For further information, please contact
Sture Stølen, Head of SAS Group Investor Relations, +46 70 997 1451.
SAS discloses this information pursuant to the Swedish Securities Market Act and/or the Swedish Financial Instruments Trading Act. The information was provided for publication on 19 March 2010, at 2.35 pm CET.
This press release is not being issued in or to the United States of America, Canada, Australia, Japan or in any other jurisdiction in which such distribution would be prohibited by applicable law. This press release does not constitute or form part of an offer or solicitation of an offer to purchase or subscribe for securities in the United States. The Bonds and the shares referred to herein will not be registered under the United States Securities Act of 1933, as amended, and may not be offered or sold in the United States, except pursuant to an applicable exemption from registration.

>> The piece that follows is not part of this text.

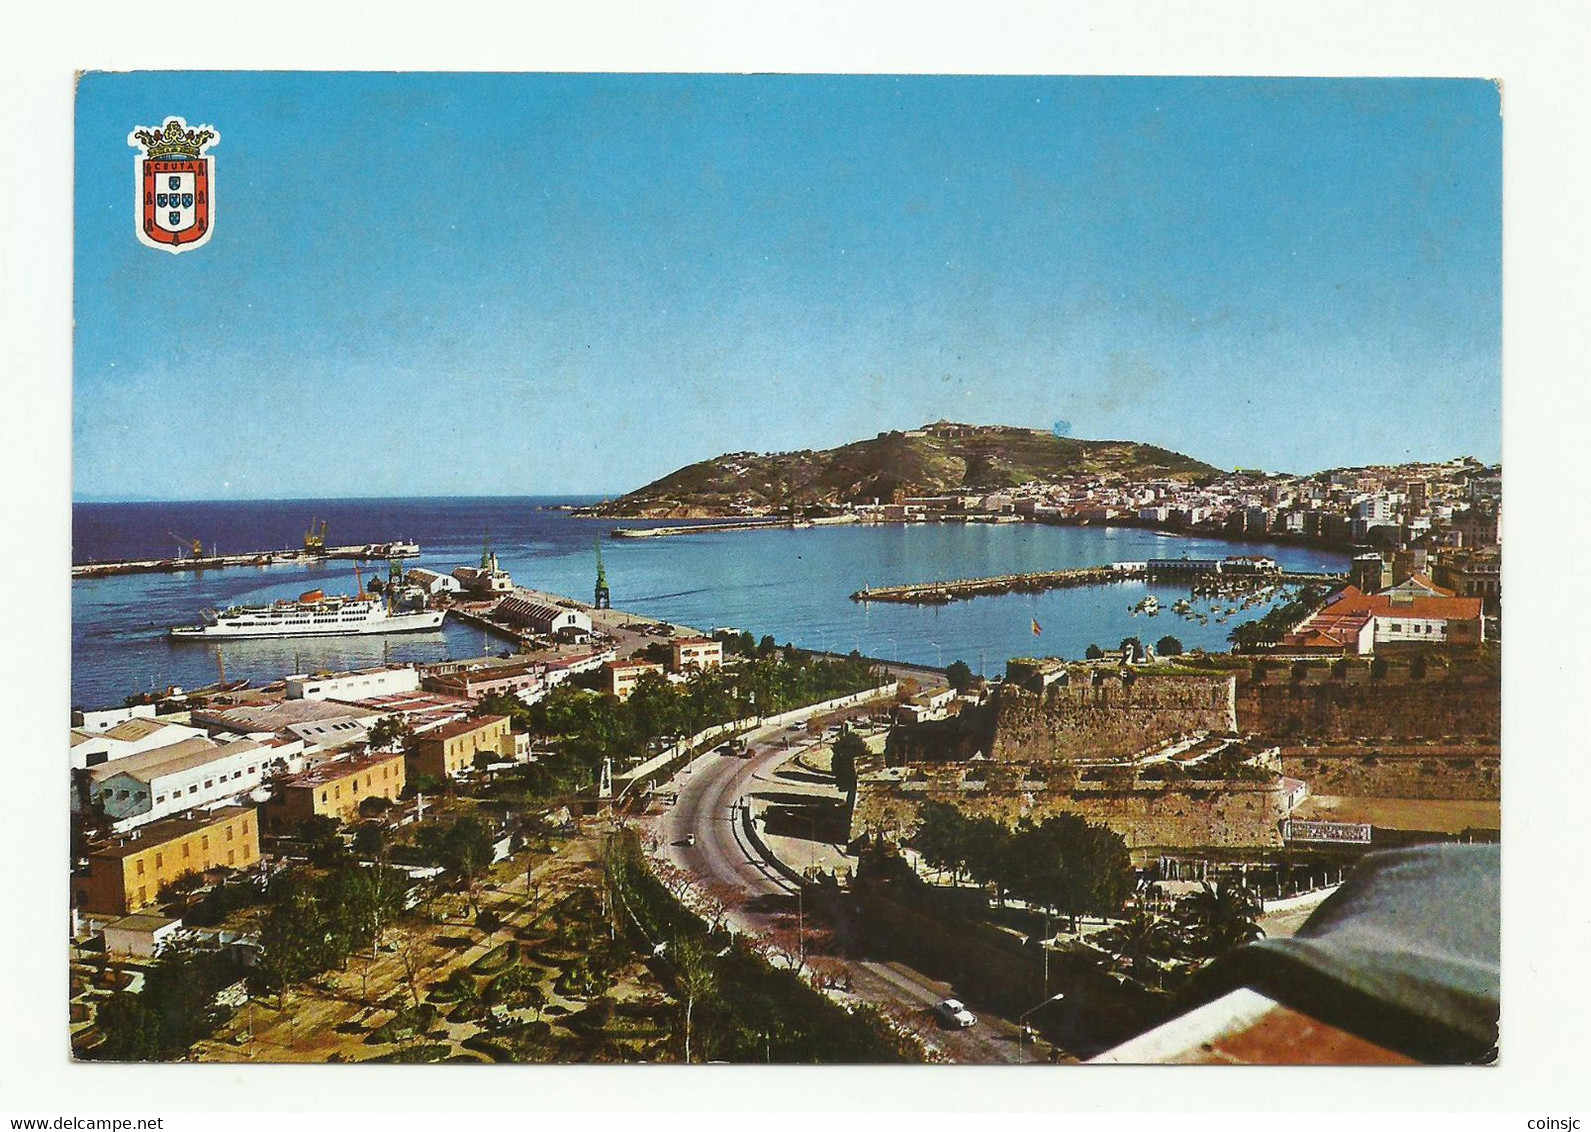 POSTCARD - SPAIN - CEUTA - Ceuta

This press release is directed only at persons who (i) are outside the United Kingdom or (ii) have professional experience in matters relating to investments who fall within Article 19(5) (“investment professionals”) of The Financial Services and Markets Act 2000 (Financial Promotion) Order 2005 (as amended) (the “Order”) or (iii) are persons falling, within Article 49(2)(a) to (d) (“high net worth companies, unincorporated associations etc”) of the Order (all such persons together being referred to as “relevant persons”). This press release is directed only at relevant persons and must not be acted on or relied on by persons who are not relevant persons. Any investment or investment activity to which this press release relates is available only to relevant persons and will be engaged in only with relevant persons.

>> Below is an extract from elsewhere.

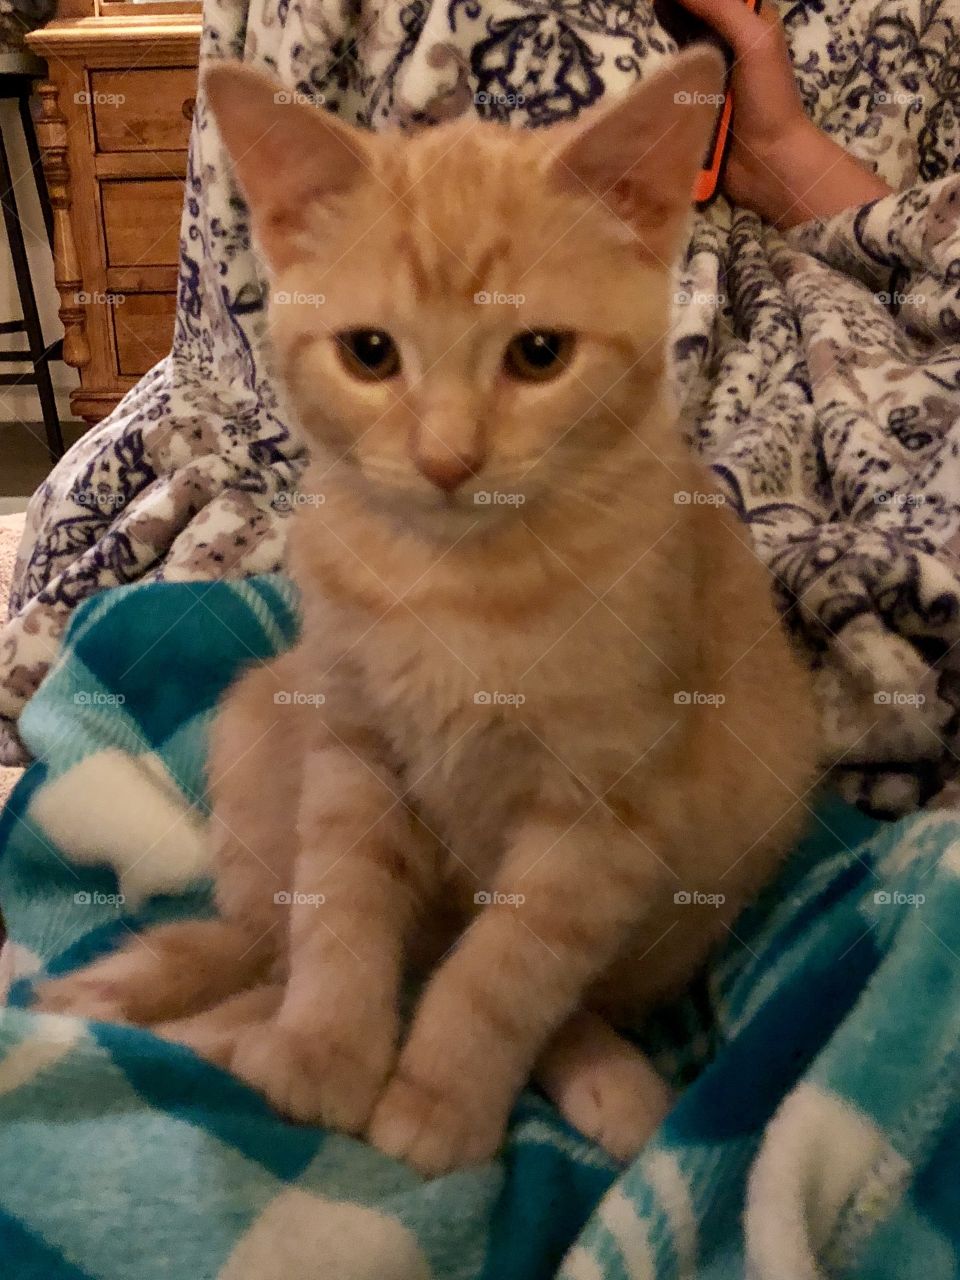 Sad-eyed ginger kitten on teal blanket

In addition, if and to the extent that this press release is communicated in, or the offered securities to which it relates is made in, any EEA member state that has implemented Directive 2003/71/EC (together with any applicable implementing measures in any member state, the “Prospectus Directive”), this press release and the offering described herein are only addressed to and directed at persons in that member state who are “qualified investors” within the meaning of the Prospectus Directive (or who are other persons to whom the offer may lawfully be addressed) and must not be acted on or relied on by other persons in that member state.
J.P. Morgan is acting for the Company and no one else in connection with the offer of the Bonds and will not be responsible to any other person for providing the protections afforded to their client, or for providing advice in relation to the proposed offer of the Bonds.